Provided entries
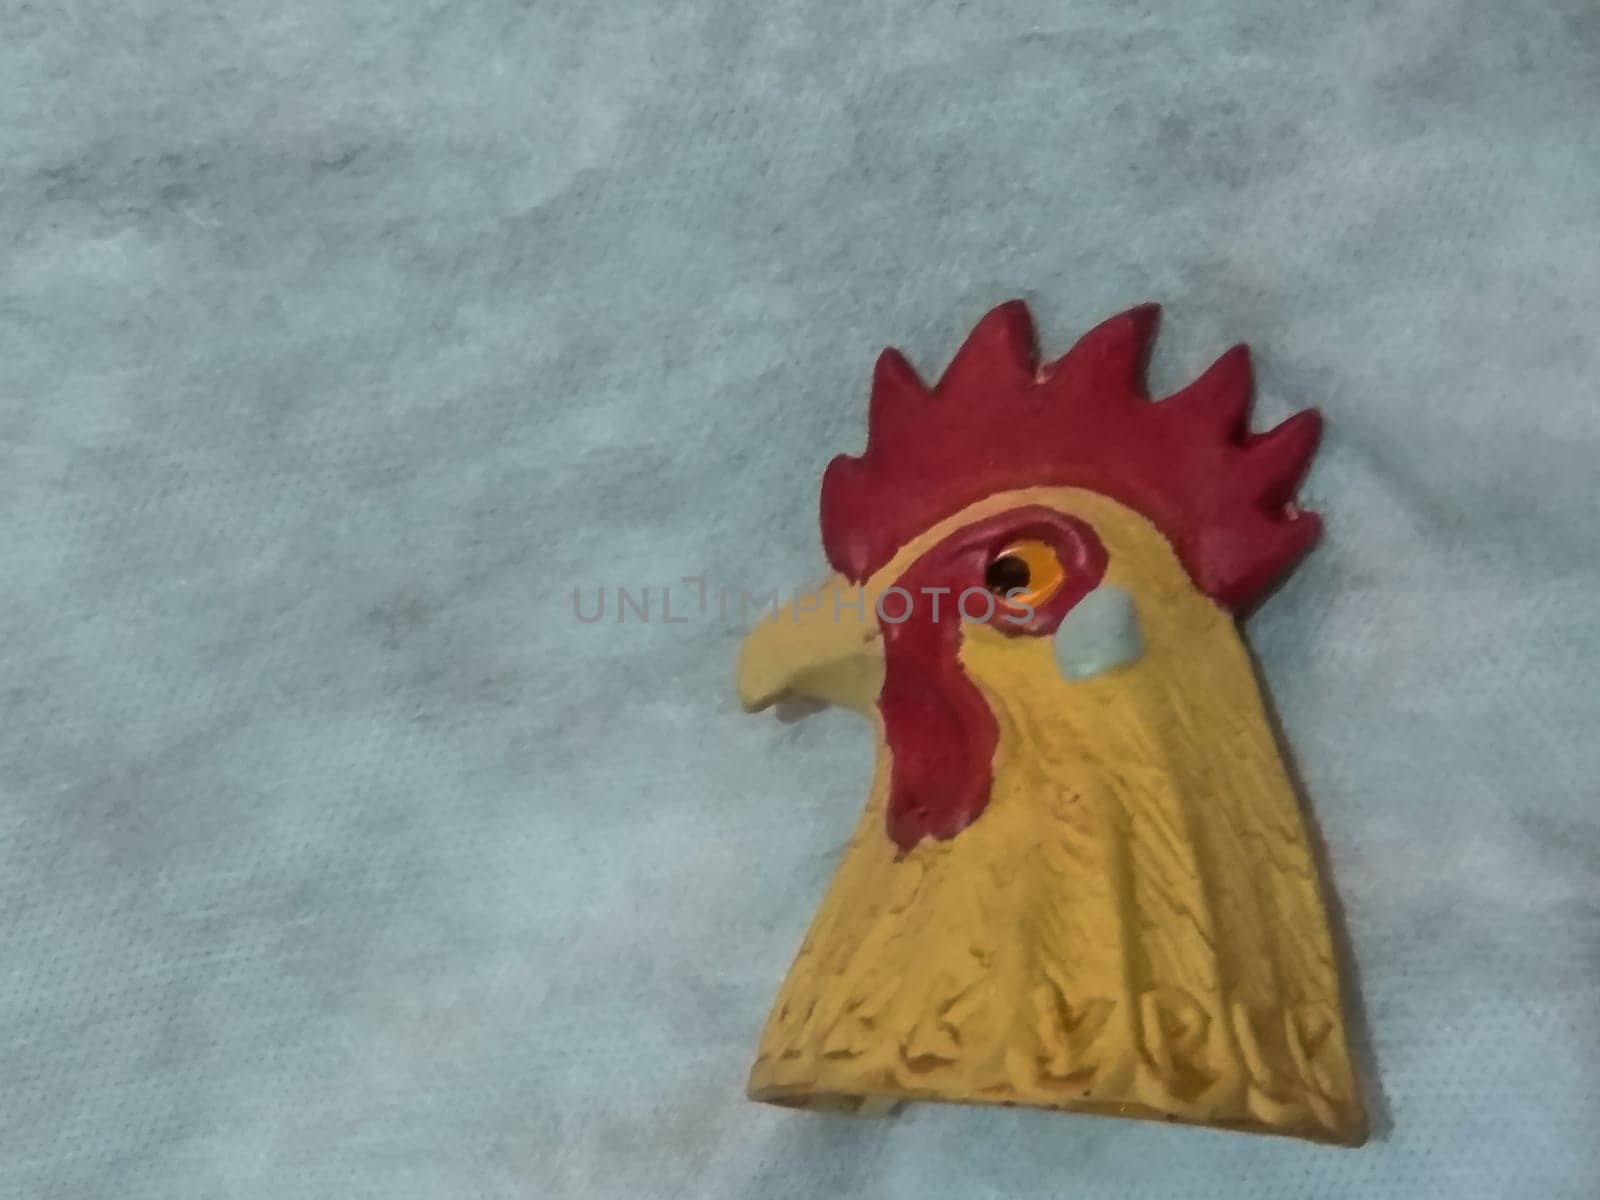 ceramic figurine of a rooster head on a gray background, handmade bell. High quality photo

* * *

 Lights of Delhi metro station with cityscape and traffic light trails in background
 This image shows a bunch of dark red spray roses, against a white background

Task details
Reproduce verbatim only the segment of the listing bounded by the line containing "Lights of Delhi" and the line containing "This image shows", with both boundary lines included.

Exercise result
 Lights of Delhi metro station with cityscape and traffic light trails in background
 This image shows a bunch of dark red spray roses, against a white background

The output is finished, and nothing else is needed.